Missed diagnosis of lymphoma presenting with humoral hypercalcemia of malignancy due to cessation of oncological workup after negative computed tomography scans

Ellery Altshuler 1,, Mahmoud Aryan 2, William King 1, Rolando Otero 3
PMCID: PMC8719147  PMID: 34969803

Abstract

Malignancy is the most common cause of hypercalcemia among hospitalised patients and is frequently caused by elevations in parathyroid hormone-related peptide (PTHrP). The most common PTHrP-producing cancers are carcinomas of the head, neck and lung. Hypercalcemia can be the presenting sign of cancer and, in these cases, solid tumours are usually discovered on CT scan. In rare cases, lymphoma may also present with hypercalcemia. CT scan is less sensitive for lymphoma than for most solid tumours and the diagnosis may be missed. We present the case of a 69-year-old woman who presented with hypercalcemia in the setting of severe weight loss and elevated PTHrP. Oncological workup was stopped after unrevealing CT scans and an underlying lymphoma was missed. Our case emphasises the need for a comprehensive oncological workup for patients with unexplained hypercalcemia and elevated PTHrP, even when CT scans are unrevealing.

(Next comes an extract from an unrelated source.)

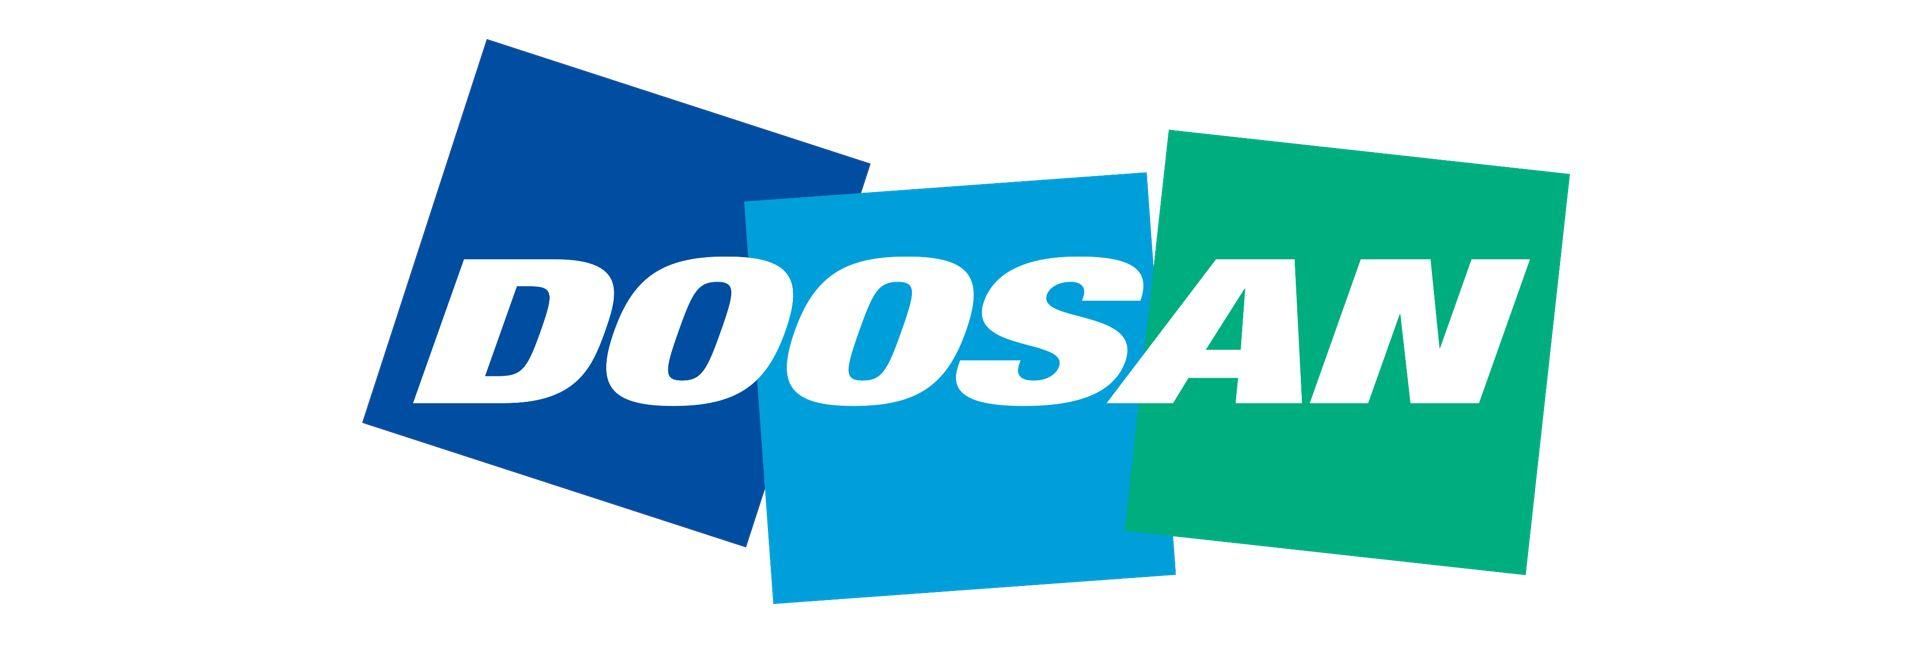 For the second time, Doosan decided to choose Hungary - VIDEO REPORT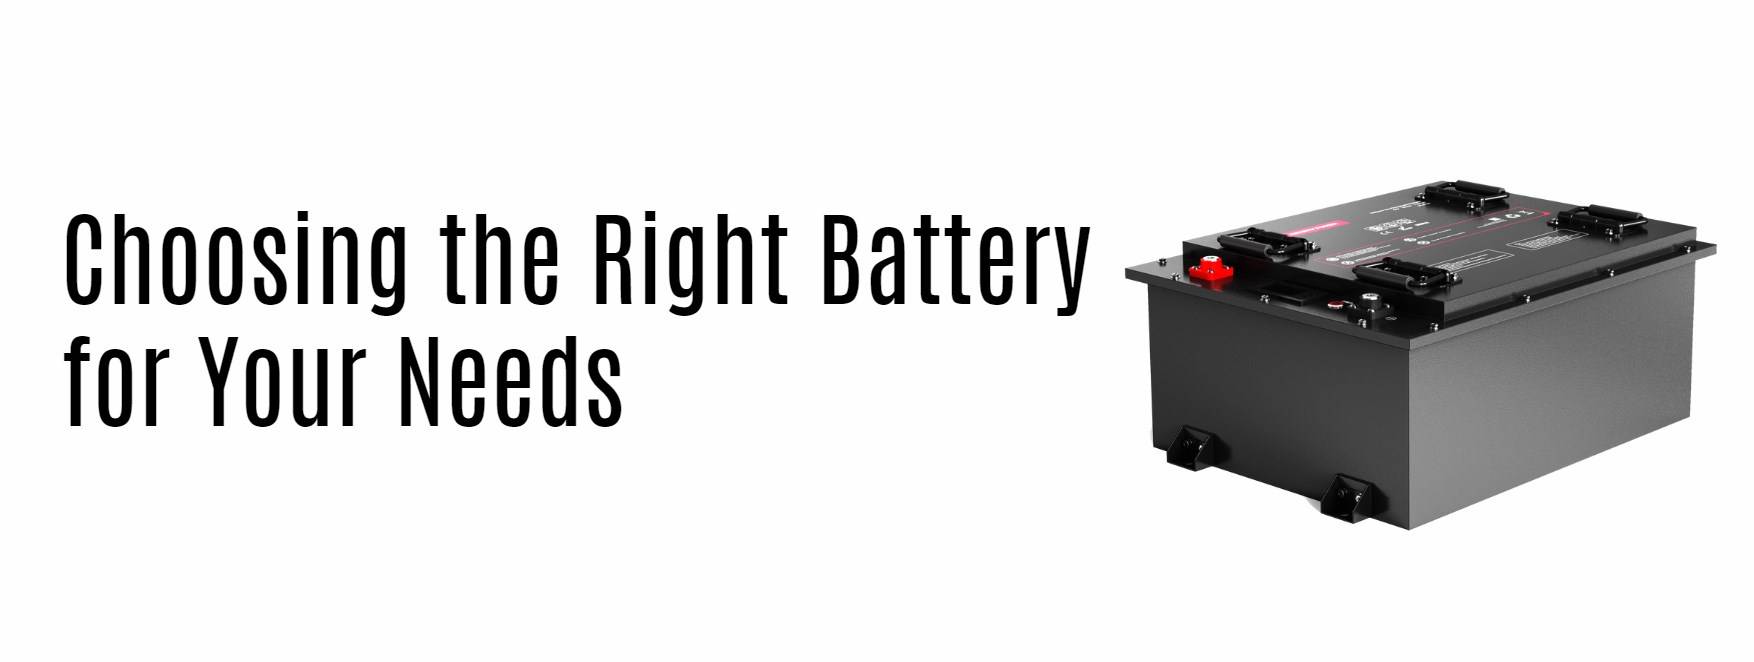 Choosing the Right Battery for Your Needs. 48v 150ah golf cart lithium battery factory

Keywords: calcium and bone, oncology

Background

Hypercalcemia of malignancy is usually caused directly by skeletal metastases or by tumour cell secretion of PTHrP, a process known as humoral hypercalcemia of malignancy (HHM).1 In non-pathological states, low calcium levels trigger the release of parathyroid hormone (PTH) from the parathyroid glands in a process regulated by negative feedback. PTH increases calcium levels by increasing renal and gut absorption and by promoting bone resorption. Higher calcium levels suppress PTH production. However, malignant production of PTHrP is not sensitive to the negative feedback and can lead to increased calcium levels in an unregulated manner.2

Case presentation

A 69-year-old woman with a medical history of hypertension presented to the emergency department with a 2-week history of confusion and generalised weakness. Eleven days prior to presentation, she had a non-traumatic fall and was taken to another hospital. There she was discharged from the emergency department after intracranial haemorrhage was ruled out. On arrival, the patient was confused and unable to provide history. Her family reported that she never smoked cigarettes, had lost about 50 pounds in the last few months and had become so weak that she had to quit her job as a janitor.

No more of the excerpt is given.